Environmental noises have been evaluated according to the SPL and their frequency characteristics. The noise criterion (NC) curve, the preferred noise criterion (PNC) curve, and the balanced noise criterion (NCB) curve have been developed for measurements of the SPL and its frequency characteristics (Beranek, 1957, 1971; Beranek et al., 1971; Beranek, 1988). Evaluations of temporal fluctuations involved in both traffic and industrial noise have used the equivalent sound level (Leq). The purpose of the current study, however, is to investigate effects of fluctuation of two spatial factors extracted from the IACF on annoyance of noise stimuli, which has not been known previously (Sato et al., 2004).

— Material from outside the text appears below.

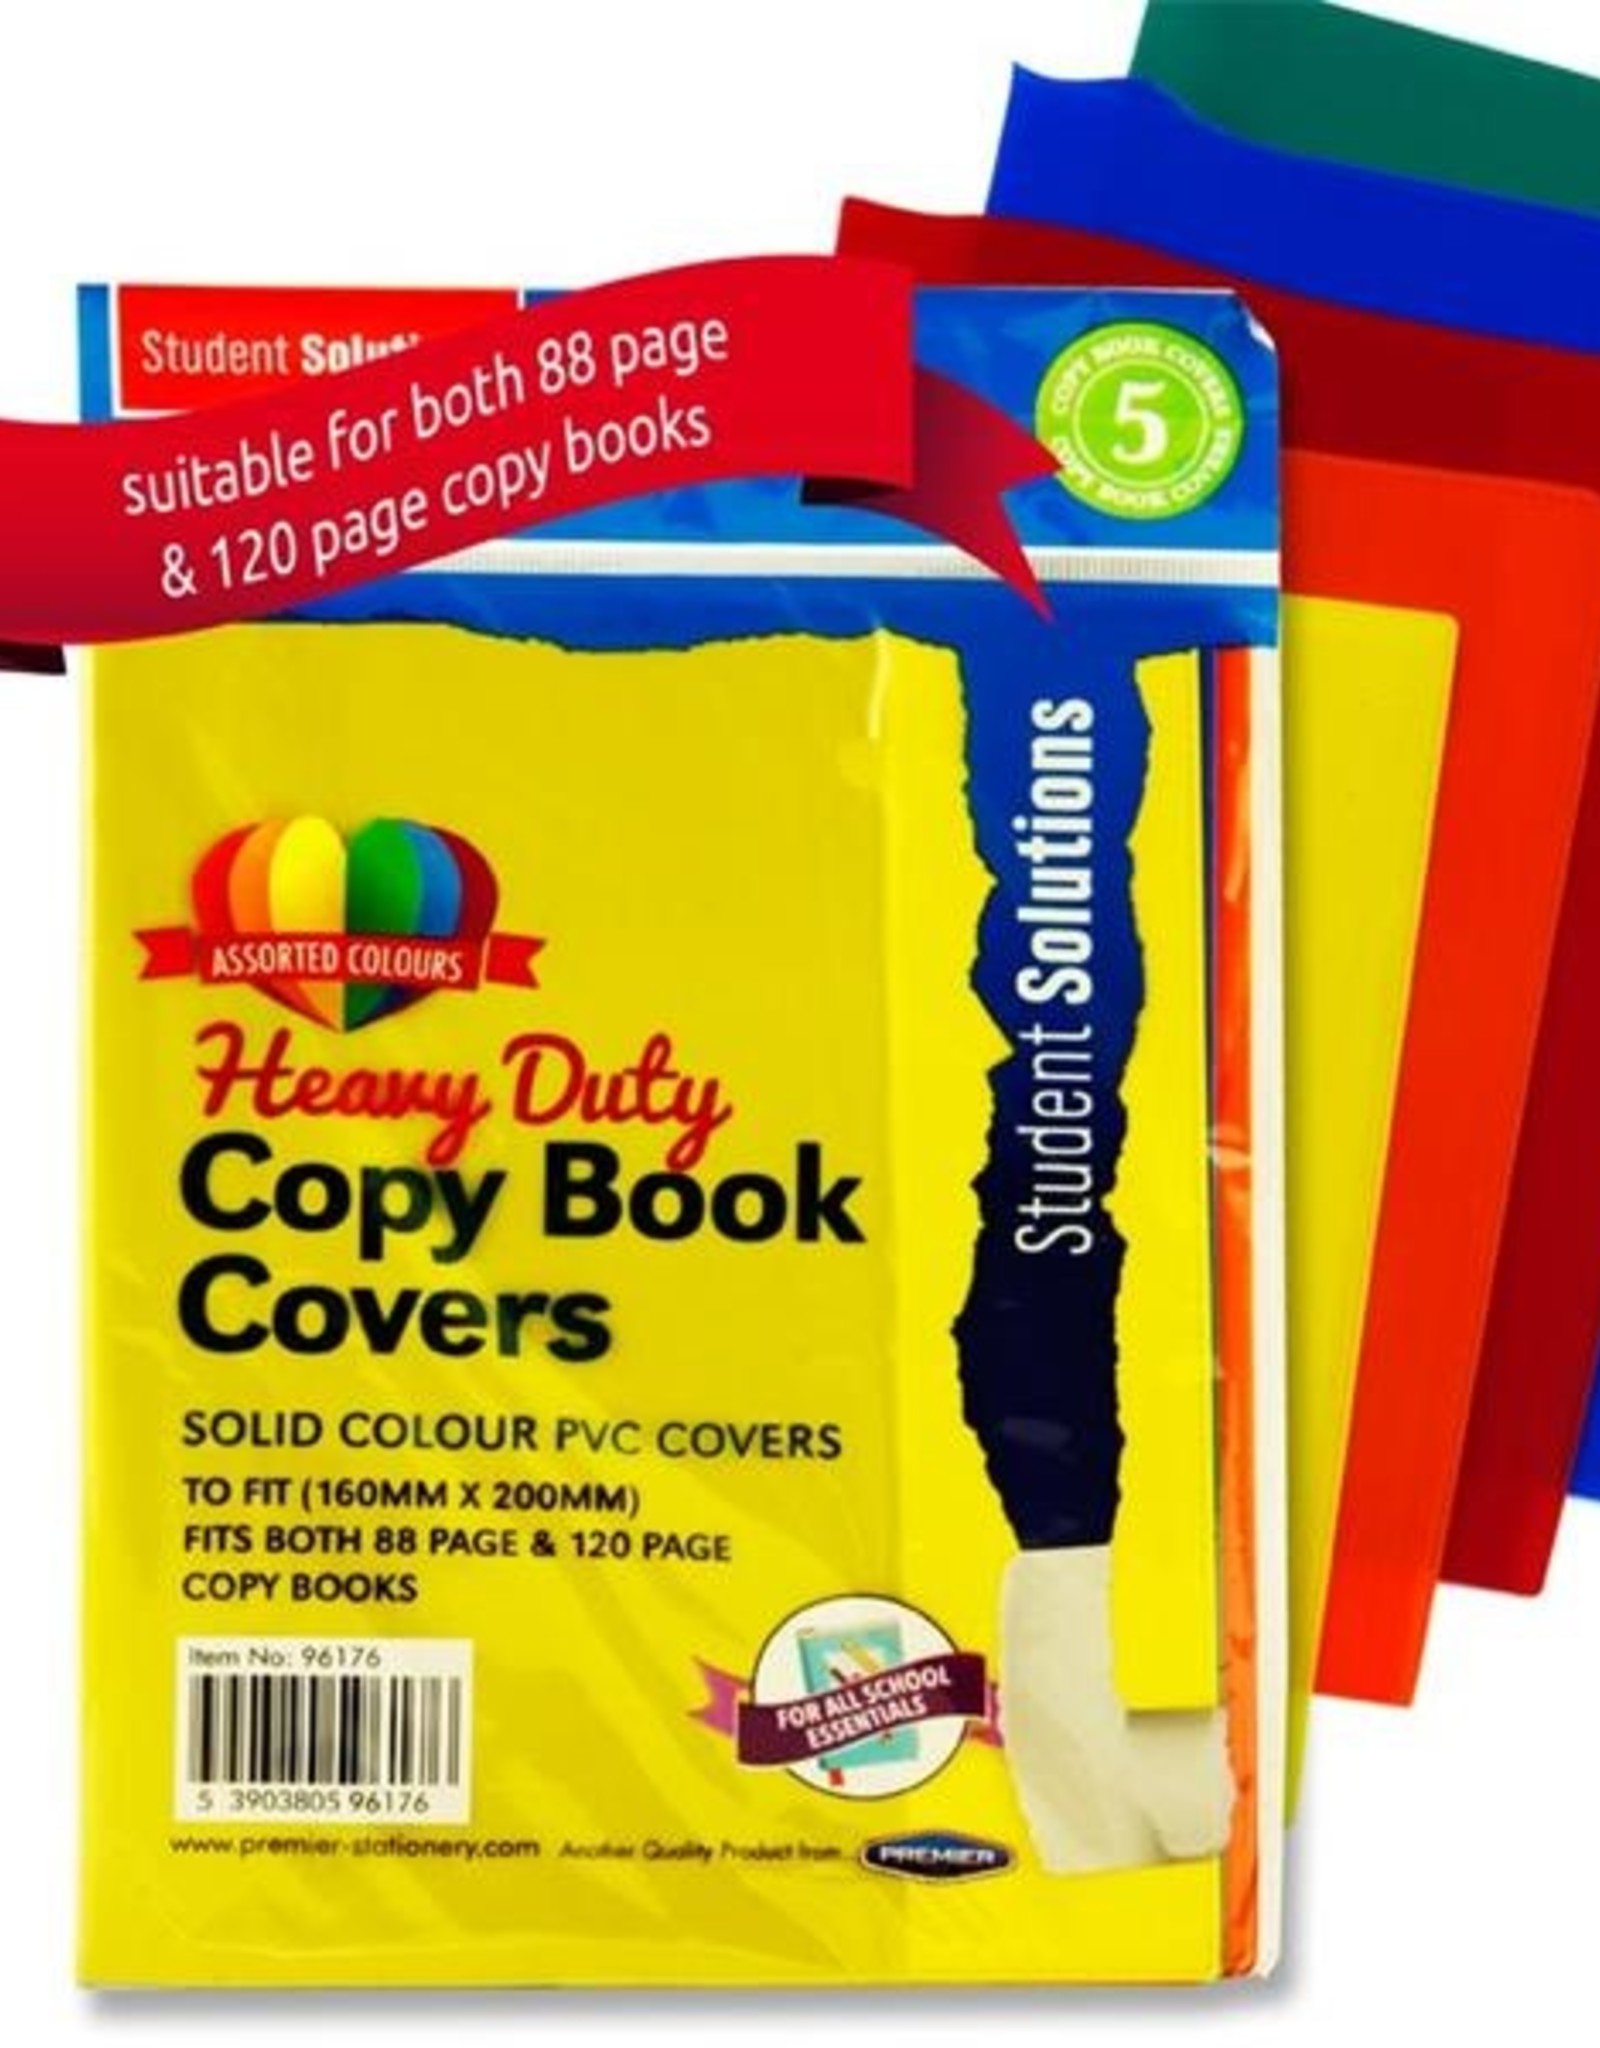 PACK OF 5 HEAVY DUTY BOOK COVERS

11.2.1 Experiment 1: Effects of SPL and IACC Fluctuations
Annoyance judgments were performed using paired comparisons while changing fluctuations in the interaural correlation magnitude IACC and sound pressure level SPL. The sound source was white noise. The rate of the IACC fluctuation was simulated by the frontal direct sound (L0) and two symmetric lateral reflections (L1 and L2) in a soundproof chamber. To produce an incoherent condition, the time delays between the direct sound and the two reflections were fixed at t1 = 20 ms andt2 = 40 ms. To change the IACC, a logarithmic envelope change was applied to the amplitude of the reflections. The period of the IACC change, PIACC, was set at 0.375, 0.75, 1.5 s, and ∞. The SPLs were set at 65, 70, and 75 dBA, and the resulting measured total SPLs were 65 ± 0.7, 70 ± 0.8, and 74.9 ± 0.8 dBA, respectively. Values of the running IACC measured with 2T = 0.1 s are shown in Fig. 11.8.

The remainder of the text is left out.